Avoiding Isolation While Social Distancing
This isn’t the spring I was expecting. Weddings and parties have been postponed; races and dinners, canceled entirely. A global pandemic is keeping us cooped up in our homes.
It’s been over a month since I’ve seen many family members, and it’s easy to feel isolated. You may have to social distance, but it doesn’t mean you have to cut yourself off from everybody.
It can take a little more work and creativity, but you can still keep in touch with people, and keep your spirits up. Here are a few suggestions.
Check in with loved ones
Early on during my “social distancing,” I chatted with friends and family daily. As time went on, I grew bored of saying, “Hey, still hanging in there?” Soon enough, I would realize I let 4–5 days go by without sending even a text to certain people.
I now make it a point to check in with people more frequently. I try to send and ask for photos, so I’m still a part of my friends and family’s lives.
Calls or texts aren’t your only option, either. You can use Facetime on iPhones, or Google Duo on Android, to make video calls. This is especially helpful if you have a loved one in a nursing home, and can’t visit. It’s not the same as being there, but it can brighten someone’s day.
If it’s safe to do so, put on a mask and take a walk or a run outside. Or, do pushups or other exercises in your home. Exercising more is linked to improving your mood. Moving more will help you be social again when the time is right.
And you don’t have to exercise alone. Many fitness classes are starting up on video platforms like Zoom. Taking a yoga class from home is a great way to stay connected with others while staying healthy.
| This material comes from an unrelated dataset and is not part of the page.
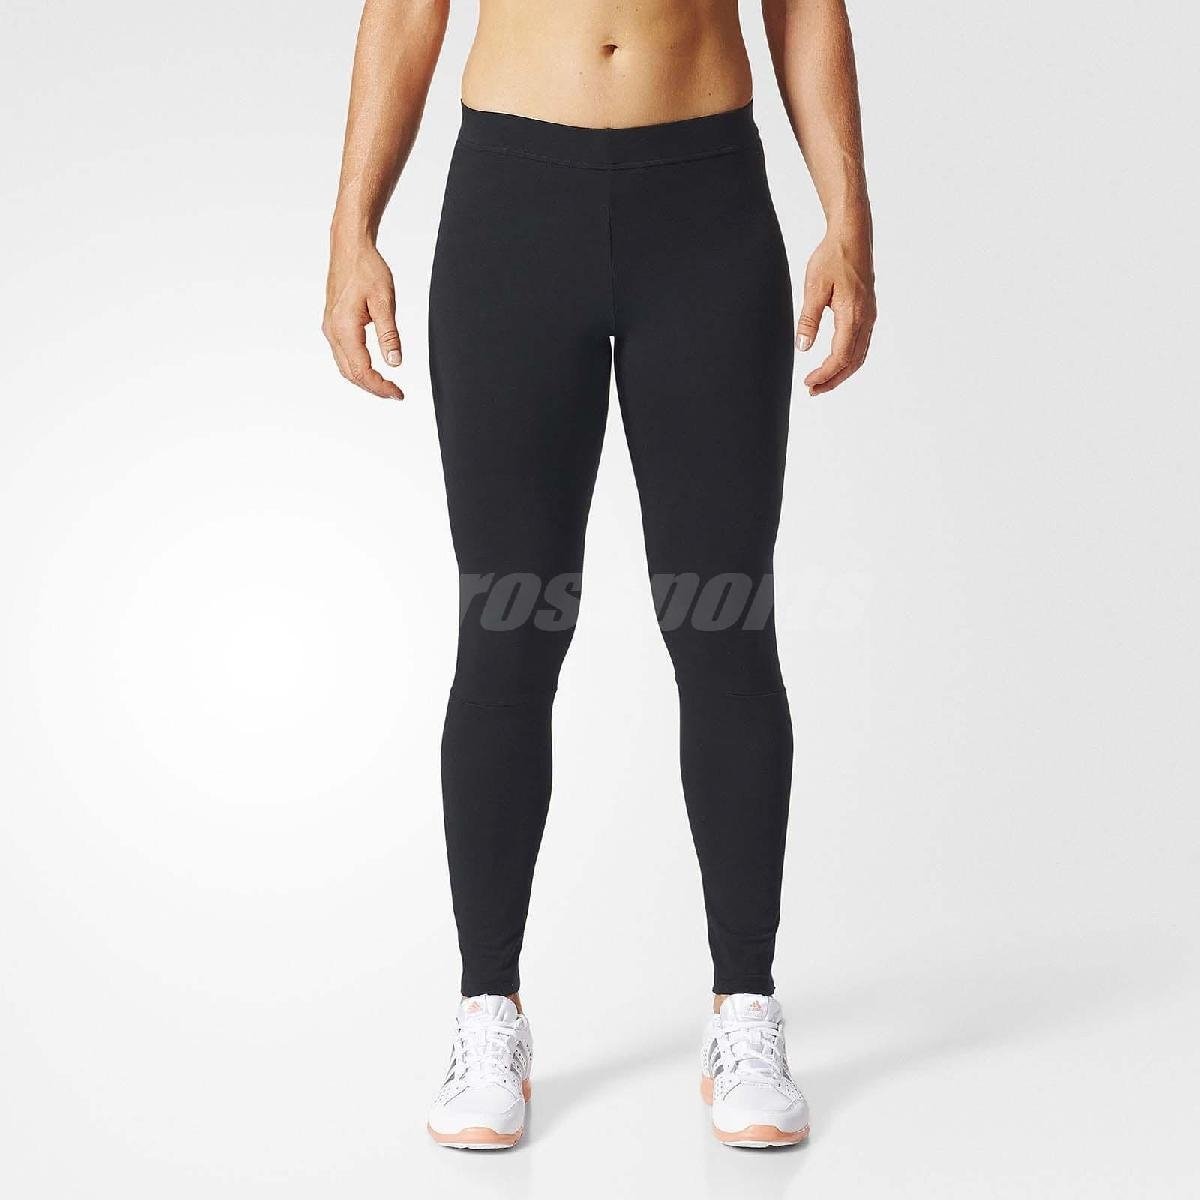 adidas束褲Essentials Linear Tights基本款女款黑白緊身運動長褲Legging內搭PUMP306 S97155

Instead of planning the dessert for Easter dinner, I’m sending out greeting cards. Some family members are also planning on cooking a holiday dinner, then putting the food in bags on their steps for others to take.
You have to be cautious about contact, but grabbing a bag and washing your hands after is fairly safe. And it can help you feel more connected than just ordering takeout.
Recreate movie night
If you’ve got someone with you in quarantine, schedule a movie night. Cook (or order out) a nice dinner, make some popcorn, and settle in for a movie or TV show you haven’t seen before.
If you’re alone, ask a friend to watch a movie at the same time as you, and Facetime after it to discuss it. You can also create virtual book clubs and other gatherings.
If you’re battling feelings of depression, reach out to a counselor. Many now do telehealth, and can provide sessions over the phone or through video. This is a rough time, and many people will need help to get through it. Don’t feel alone — we’re all in this together.